What if one could write code which works on-chain and off-chain without changes?
This snippet works both on Linux and Ethereum EVM:
7f454c46010000000000000000004305020003001a0043051a00430504000000eb15604556000000000020000100000000000000000000b947004305b20dcd80340d93cd805b6c68656c6c6f2c20776f726c640a3d52600c6013f3
On Linux (x86) it prints:
$ ./evm.elf
hello, world
On EVM it returns hello, world
, too.
Try it out on jslinux in the browser by uploading the file (use xxd -ps -r 7f454c...
to make it a binary). Remember not to trust random binaries from a website on your machine.

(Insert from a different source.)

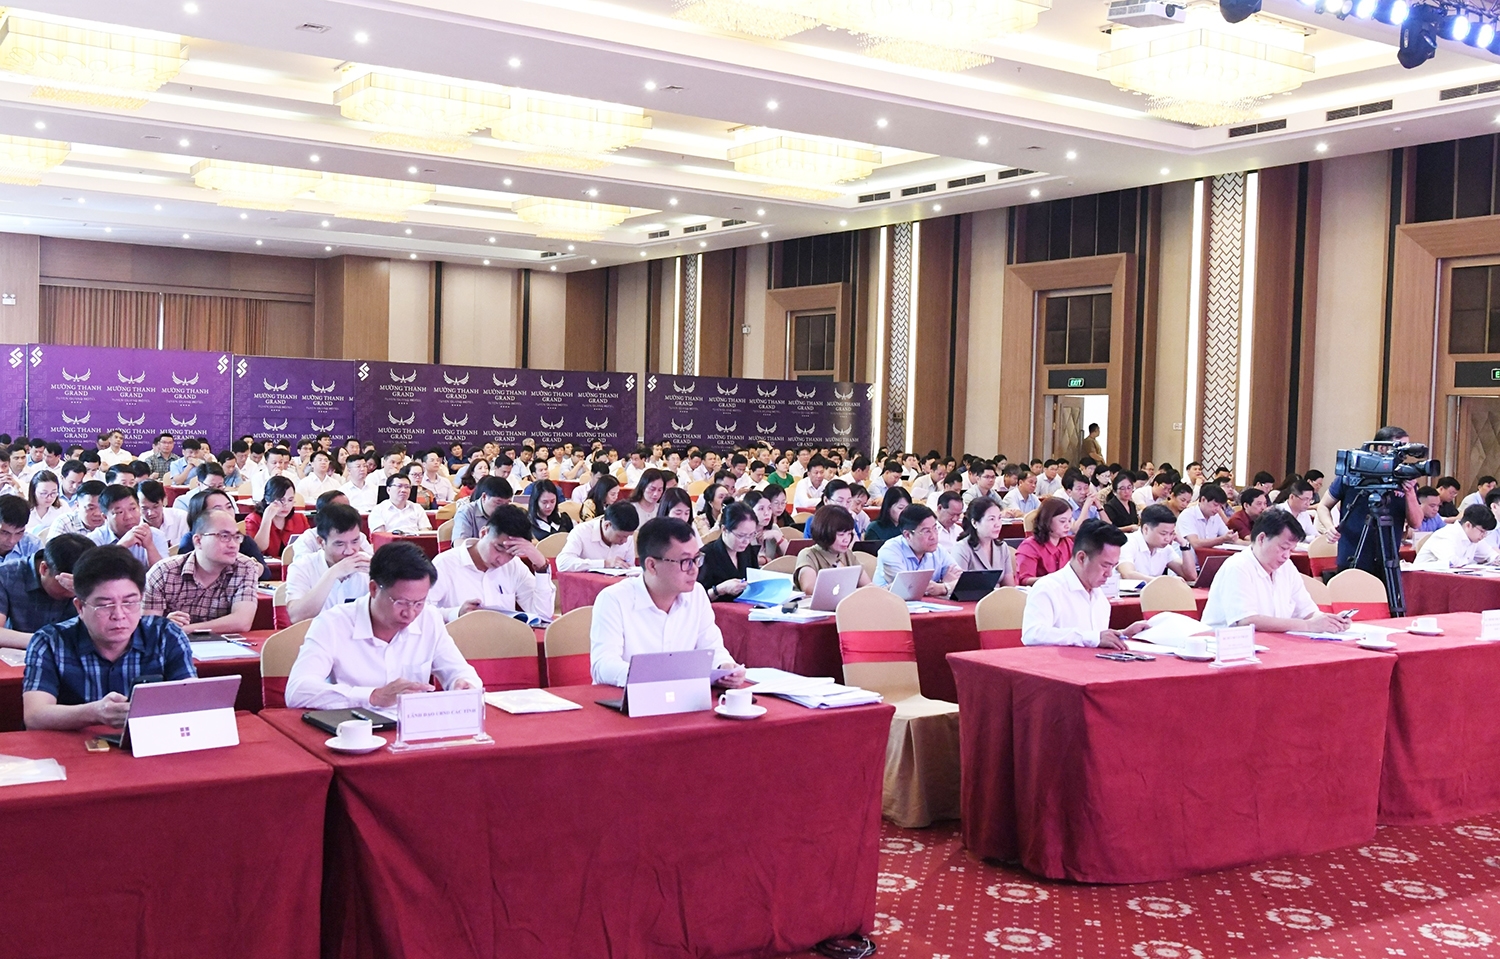 Dự Hội nghị có đại diện lãnh đạo tỉnh Tuyên Quang; đại diện lãnh đạo các bộ, ban ngành Trung ương; lãnh đạo các tỉnh miền núi phía Bắc; cùng 300 đại biểu là cán bộ, doanh nghiệp, hợp tác xã của 19 tỉnh miền núi phía Bắc

So, how on earth did I end up doing this? Optimizing binary output size has a long history. For shortest "Hello World" this thread is a good way to get thrown into the rabbit hole. Or another specific one for ELF files, the format used on most POSIX systems, such as Linux (but not macOS). A well known resource on optimizing ELF files, with a lot of good explainers, is The Teensy Files by breadbox.
I started off with this version:
;; hello.asm: Copyright (C) 2001 Brian Raiter <breadbox@muppetlabs.com>
;; Licensed under the terms of the GNU General Public License, either
;; version 2 or (at your option) any later version.
;;
;; To build:
;; nasm -f bin -o hello hello.asm && chmod +x hello
BITS 32
org 0x05430000
db 0x7F, "ELF"
dd 1
dd 0
dd $$
dw 2
dw 3
dd _start
dw _start - $$
_start: inc ebx ; 1 = stdout file descriptor
add eax, strict dword 4 ; 4 = write system call number
mov ecx, msg ; Point ecx at string
mov dl, 13 ; Set edx to string length
int 0x80 ; eax = write(ebx, ecx, edx)
and eax, 0x10020 ; al = 0 if no error occurred
xchg eax, ebx ; 1 = exit system call number
int 0x80 ; exit(ebx)
msg: db 'hello, world', 10
;; This is how the file looks when it is read as an (incomplete) ELF
;; header, beginning at offset 0:
;;
;; e_ident: db 0x7F, "ELF" ; required
;; db 1 ; 1 = ELFCLASS32
;; db 0 ; (garbage)
;; db 0 ; (garbage)
;; db 0 ; (garbage)
;; db 0x00, 0x00, 0x00, 0x00 ; (unused)
;; db 0x00, 0x00, 0x43, 0x05
;; e_type: dw 2 ; 2 = ET_EXE
;; e_machine: dw 3 ; 3 = EM_386
;; e_version: dd 0x0543001A ; (garbage)
;; e_entry: dd 0x0543001A ; program starts here
;; e_phoff: dd 4 ; phdrs located here
;; e_shoff: dd 0x430031B9 ; (garbage)
;; e_flags: dd 0xCD0DB205 ; (unused)
;; e_ehsize: dw 0x2580 ; (garbage)
;; e_phentsize: dw 0x20 ; phdr entry size
;; e_phnum: dw 1 ; one phdr in the table
;; e_shentsize: dw 0xCD93 ; (garbage)
;; e_shnum: dw 0x6880 ; (garbage)
;; e_shstrndx: dw 0x6C65 ; (garbage)
;;
;; This is how the file looks when it is read as a program header
;; table, beginning at offset 4:
;;
;; p_type: dd 1 ; 1 = PT_LOAD
;; p_offset: dd 0 ; read from top of file
;; p_vaddr: dd 0x05430000 ; load at this address
;; p_paddr: dd 0x00030002 ; (unused)
;; p_filesz: dd 0x0543001A ; too big, but ok
;; p_memsz: dd 0x0543001A ; equal to file size
;; p_flags: dd 4 ; 4 = PF_R
;; p_align: dd 0x430031B9 ; (garbage)
;;
;; Note that the top two bytes of the file's origin (0x43 0x05)
;; correspond to the instructions "inc ebx" and the first byte of "add
;; eax, IMM".
;;
;; The fields marked as unused are either specifically documented as
;; not being used, or not being used with 386-based implementations.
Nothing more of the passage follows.